Porta a Porta (lit. Door-to-door) is an Italian late night television talk show hosted by the Italian journalist Bruno Vespa and is broadcast on Rai Uno since 1996, lasting 31 seasons. Its first episode aired on January 22, 1996. The show airs on Tuesdays, Wednesdays and Thursdays.

==Scheduling and format==

The formula and placement of the program within the schedule have remained unchanged over the years, while the number of evenings has changed. In the first season the program dealt exclusively with politics and was broadcast two evenings a week (Monday and Thursday) alternating with the weekly costume program Cliché hosted by Carmen Lasorella, broadcast on Wednesdays. From season 2, Cliché was cancelled, Porta a Porta expands its range of action by also dealing with customs and society, and increases the episodes from two to four, airing from Monday to Thursday. Later the evenings were reduced from four to three a week; first from Monday to Wednesday, and then from Tuesday to Thursday. Each episode sees politicians, experts, television personalities and news protagonists called to discuss one or more issues. Guests enter the studio one at a time passing through a door opened by an employee who acts as a butler, played by the actor Paolo Baroni. At the beginning, the director was Marco Aleotti, who was replaced by Sabrina Busiello starting from 2019, while among the authors there were Giuseppe Breveglieri and Marco Zavattini from the first episode until their deaths, which occurred in 2004 and 2023 respectively.

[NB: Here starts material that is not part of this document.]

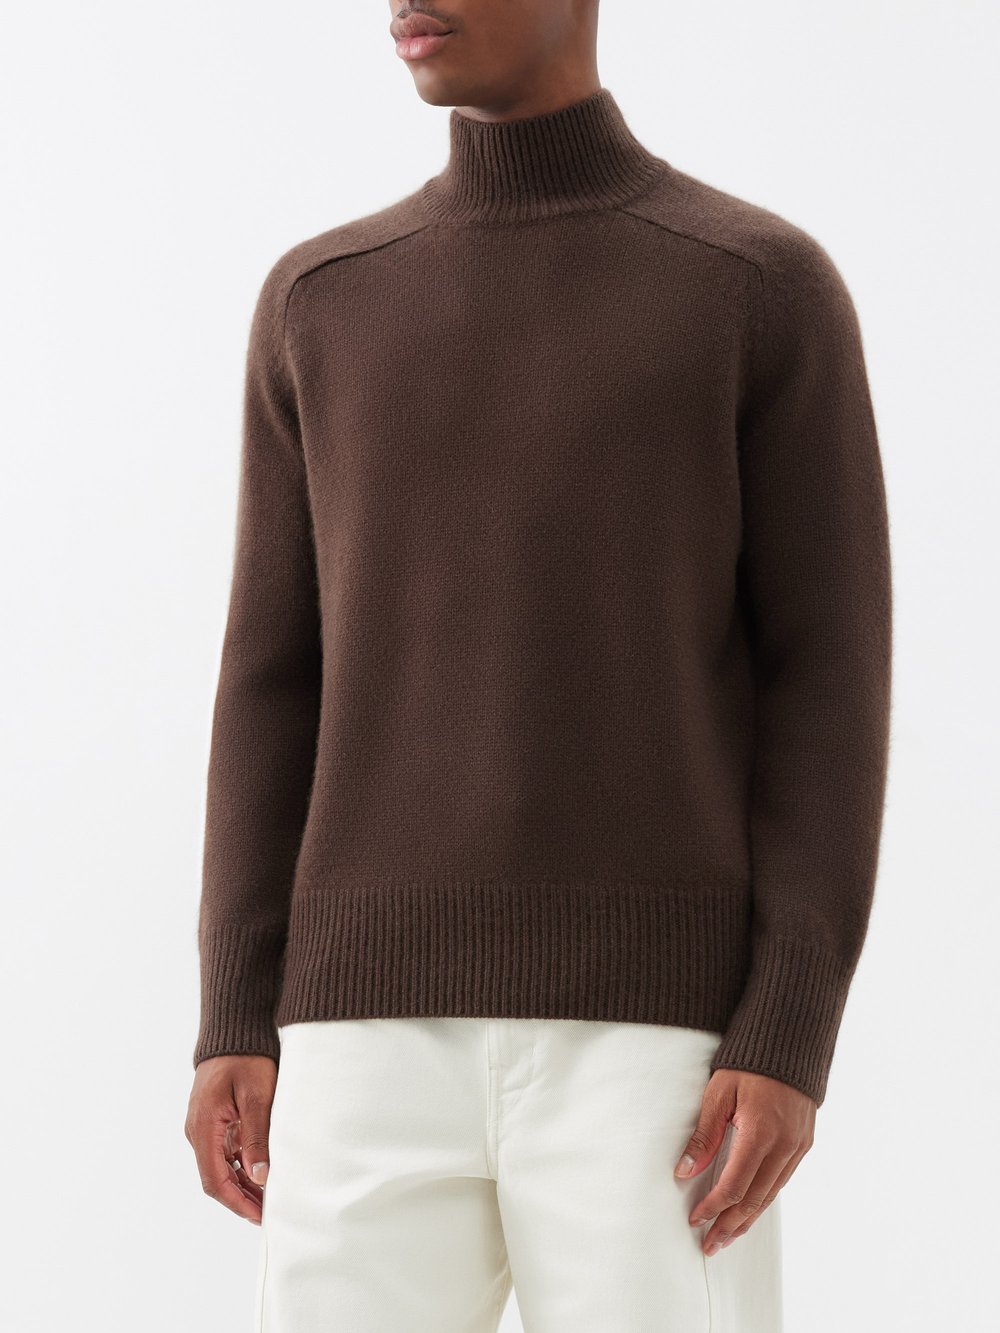 цена Кашемировый свитер mr edith grove с высоким воротником Arch4, коричневый

Over the years, due to its centrality in the Italian political scene, Porta a Porta has been defined as the third Chamber of State. The program's theme song, rearranged over the years, is the soundtrack to the film Via col vento.

Together with the Maurizio Costanzo Show, it is considered one of the television programs that have most made the history of late evening entertainment in Italy. The program is still one of the most followed today despite its broadcast time.

In the autumn of 2011 the program has a cycle of weekly appointments broadcast in prime time on Wednesdays entitled PrimaSerata Porta a Porta.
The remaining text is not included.